Dumbledore smiled at the reference of the beacon lights over the rough dark waters. The night he had come to Hogwarts as a first year it had stormed. Indeed he remembered well the beacon lights across the rough dark waters of the lake. The Pensieve swirled again and this time Dumbledore and many of the teachers were at the Three Broomsticks listening again just ten days later, the whole tavern listening intently to the wireless.

“And now it has come to us to stand alone in the breach, and face the worst that the tyrant's might and enmity can do. ...... We are fighting by ourselves alone; but we are not fighting for ourselves alone. Here in this strong City of Refuge .........we await undismayed the impending assault. Perhaps it will come tonight. Perhaps it will come next week. Perhaps it will never come. We must show ourselves equally capable of meeting a sudden violent shock or what is perhaps a harder test a prolonged vigil. But be the ordeal sharp or long, or both, we shall seek no terms, we shall tolerate no parley; we may show mercy-we shall ask for none.”

“ This is no war of chieftains or of princes, of dynasties or national ambition; it is a war of peoples and of causes. There are vast numbers, not only in this Island but in every land, who will render faithful service in this war, but whose names will never be known, whose deeds will never be recorded. This is a War of the Unknown Warriors; but let all strive without failing in faith or in duty, and the dark curse of Hitler will be lifted from our age

We were indeed the Unknown Warriors, at least to the Muggle world. Few of them ever knew even in part the measures the Wizarding world put in place to keep Britain free.

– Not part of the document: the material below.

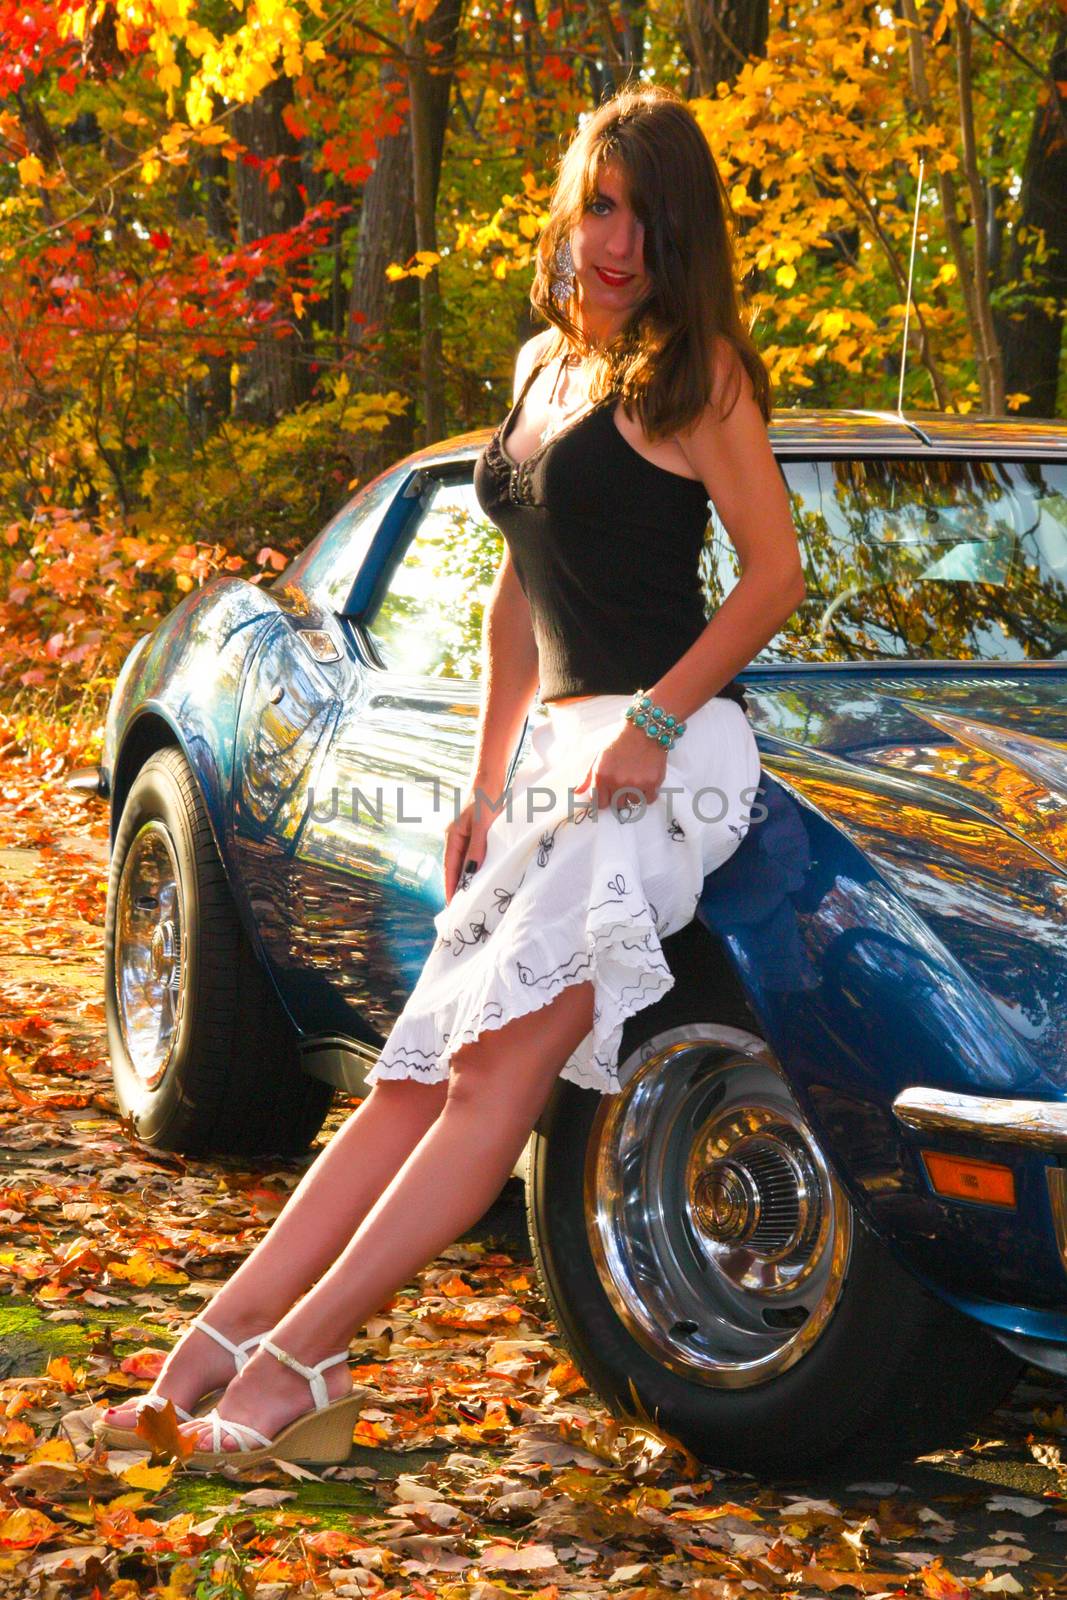 Pretty girl in dress leaning on car in fall leaves and foliage

Raising the sheild over all of Britain had been only part of the total effort. That didn’t begin to cover all of the resistance work done on the Continent.
The voice from the radio continued:

“We ask no favours of the enemy. We seek from them no compunction. .... Where you have been the least resisted there you have been the most brutal. It was you who began the indiscriminate bombing. We will have no truce or parley with you, or the grisly gang who work your wicked will. You do your worst - and we will do our best." Perhaps it may be our turn soon; perhaps it may be our turn now.

We do not expect to hit without being hit back, and we intend with every week that passes to hit harder. Prepare yourselves, then, my friends and comrades, for this renewal of your exertions. We shall never turn from our purpose, however sombre the road, however grievous the cost, because we know that out of this time of trial and tribulation will be born a new freedom and glory for all mankind.

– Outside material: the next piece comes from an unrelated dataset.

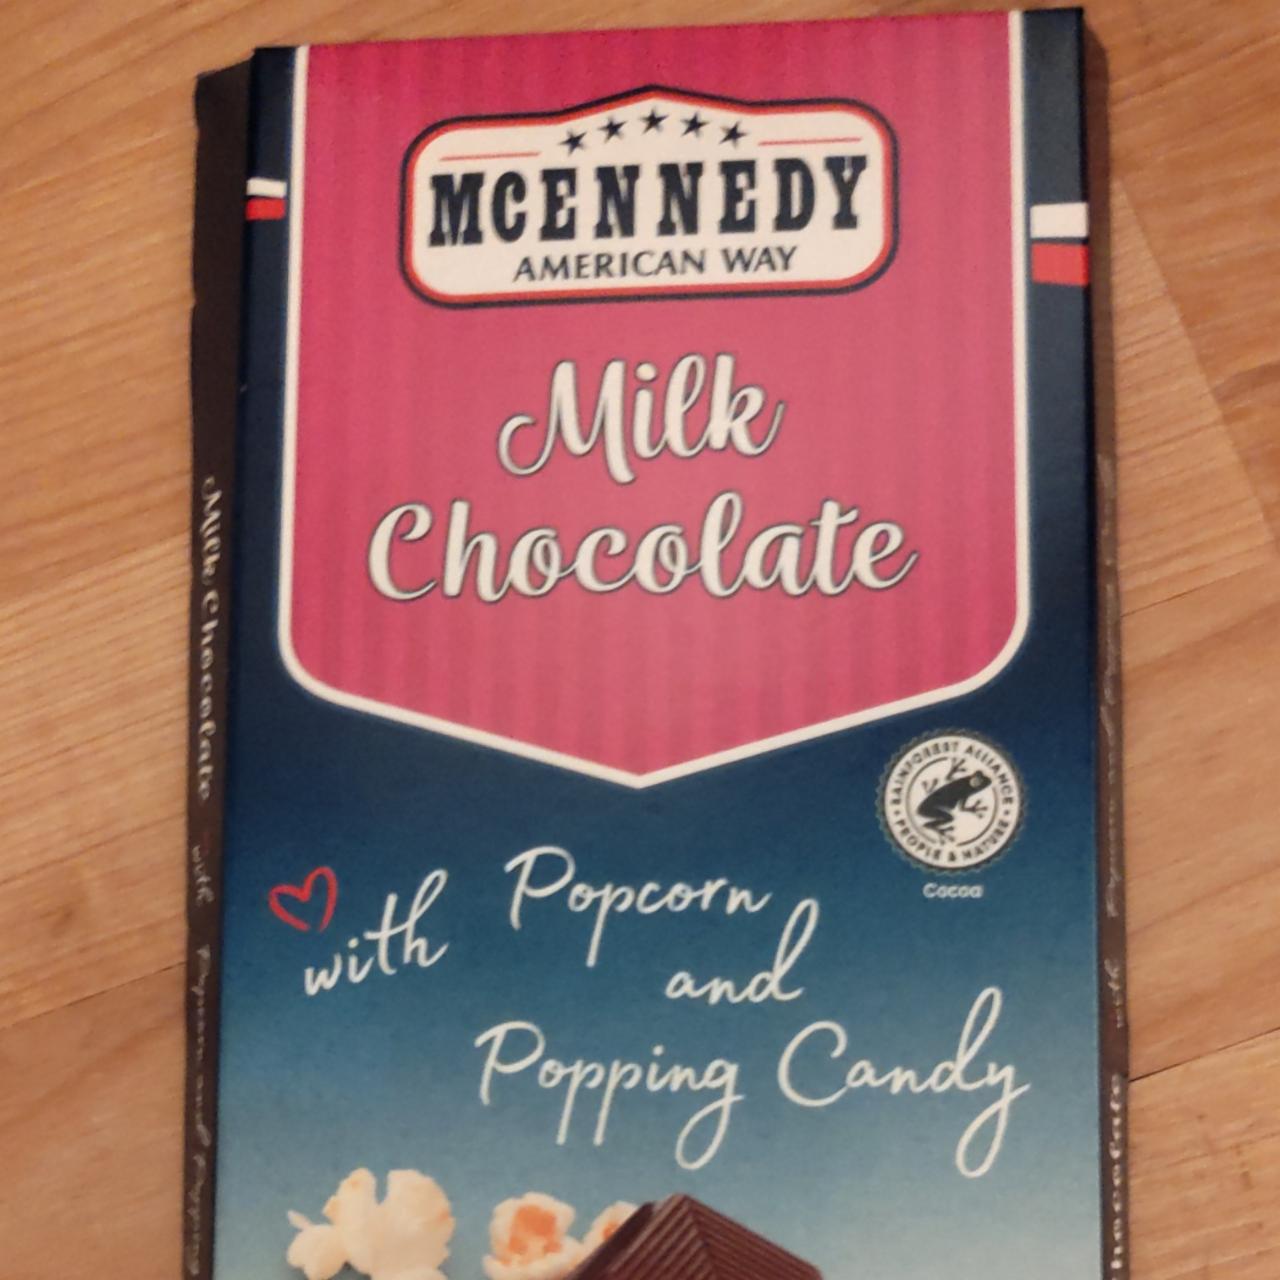 Fotografie - Milk chocolate with popcorn and popping candy McEnnedy American Way

Albus shook his head in admiration. Just when you thought you could go no further Winston Churchill could give you back your heart with just a few words and you could march onward again to face the trials no matter how grave. The Pensieve swirled again and he saw himself standing in Muggle clothes at Harrow School where Churchill had attended. His hair and beard magically shortened for the moment he looked simular to the other academics who had gathered that day to hear Churchill speak. Today on that October he was addressing the students.

“You cannot tell from appearances how things will go. Sometimes imagination makes things out far worse than they are; yet without imagination not much can be done. Those people who are imaginative see many more dangers than perhaps exist; certainly many more than will happen; but then they must also pray to be given that extra courage to carry this far-reaching imagination.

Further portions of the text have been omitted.